D’abord loin de nous l’idée de supposer à quiconque une canne prohibée, cette aberration mettrait le propriétaire hors la loi avec dépens. Non, vous achetez une canne innocente et permise, un bambou, bois de fer, bois des îles, ébène, peu importe le nom et la couleur. De perfides amis vous diront : « voilà une jolie canne », et vous, triomphant (attendu qu’aux traînements du sabre ont succédé les traînements de canne), vous permettez à la vôtre de résonner sur le pavé, ou mieux dans vos moments d’exaltation artistique et de gloire radieuse, vous la lancez en l’air ou vous faites à l’exemple d’un jongleur. Ceux qui vous aperçoivent ainsi vous croient le plus rayonnant des hommes, et vous aussi ; mais attendons la fin.
Montrez-vous assez hardi pour aller aux concerts, aux bals, aux spectacles ou ailleurs, et l’on vous obligera de déposer votre canne et conjointement cinquante centimes, sous prétexte que vous recevez un numéro de carton, lequel vous rendez plus tard. Vous, âme candide et primitive, comptez sur la foi des traîtres, représentés par votre médaille en carton. Et toujours muni de cette confiance naïve, vous demandez en sortant à échanger le numéro de carton contre votre canne. On vous donne à la place un ignoble bâton que vous ne voulez pas accepter, vous criez, vous tempêtez, la police intervient, vous donnez le signalement de la vôtre. – Et d’un.
Il peut arriver aussi que vous ayez perdu votre chiffre de carton ; alors vous achetez deux fois votre canne avec indemnité pour la perte du numéro.

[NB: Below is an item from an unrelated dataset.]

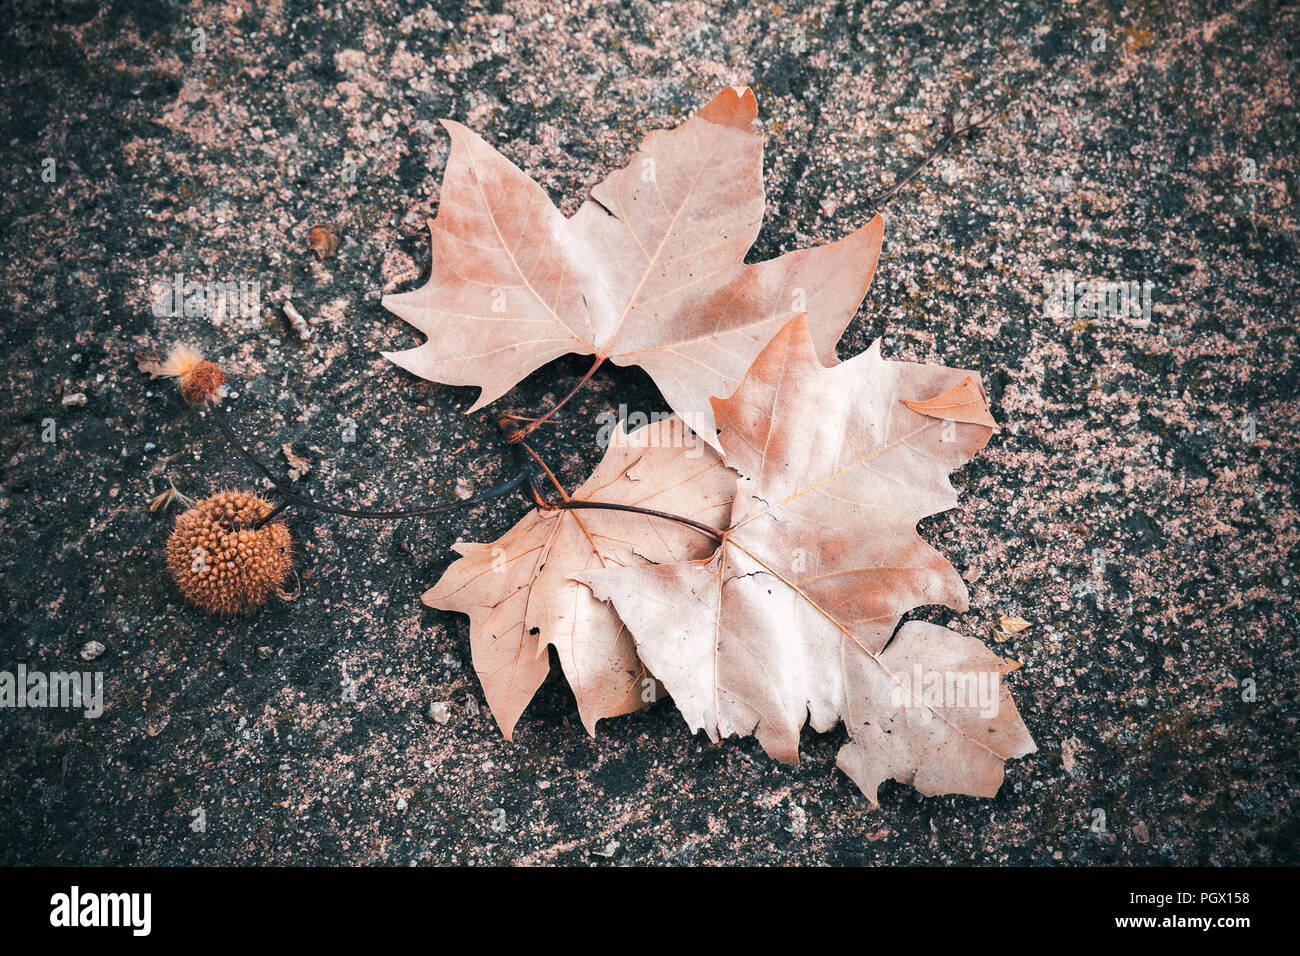 Plan oriental tombée feuilles et fruits jeter sur sol en pierre naturelle, sombre automne fond photo Banque D'Images

Il peut vous arriver encore d’oublier de faire usage de votre médaille, alors vous ne perdez que la canne sans être obligé de payer d’indemnité.Il arrive enfin quelquefois, mais très rarement, qu’il vous est permis de troquer votre reconnaissance en carton contre votre propre canne. Cela s’est vu, nous voulons même vous supposer dans cette heureuse hypothèse.
Vous sortez, et, pour mettre vos gants, vous placez votre canne sous le bras ; or, le bout intime d’icelle va heurter le bout idem du nez d’un monsieur qui vous suit, lequel se fâche et vous appelle polisson. Le lendemain vous allez vous tuer ou déjeuner ensemble.
Les gens qui ont du bonheur à revendre jouissent de la même canne trois et même quatre jours. Ce n’est qu’après ce long espace de temps qu’ils l’enfoncent entre deux pavés, la perdent dans une cave ou la brisent sur le dos d’un chien qui ne manque jamais de les mordre.
Vous vous promenez à l’instar d’un honnête flâneur, quelqu’un passe en courant à vos côtés, trébuche sur votre canne, la prend entre les jambes et la jette sur le vitrage d’un magasin. L’industriel sort, vous prend au collet, vous injurie. Les passants s’attroupent, les femmes crient, les chiens aboient, vous en êtes pour les pots cassés et pour votre canne que vous ne savez plus retrouver malgré la meilleure volonté du monde.
Supposons même que tous les accidents prévus vous soient épargnés par la Providence, il n’en restera pas moins avisé qu’une canne vous coûtera 1 fr. 50 centimes par jour de loyer, pour que vous hantiez les lieux publics, ce dont personne (avec ou sans canne) ne peut se dispenser.
En résumé, les personnes sages, raisonnables et sans préjugés, peuvent avoir des cannes, mais à une condition, celle de ne point s’en servir. »
L’illustration, intitulée « Sur les quais de la Seine », est l’une des huit gravures de Heidbrinck, publiées dans le « Dictionnaire bibliophilosophique » d’Octave Uzanne (1898).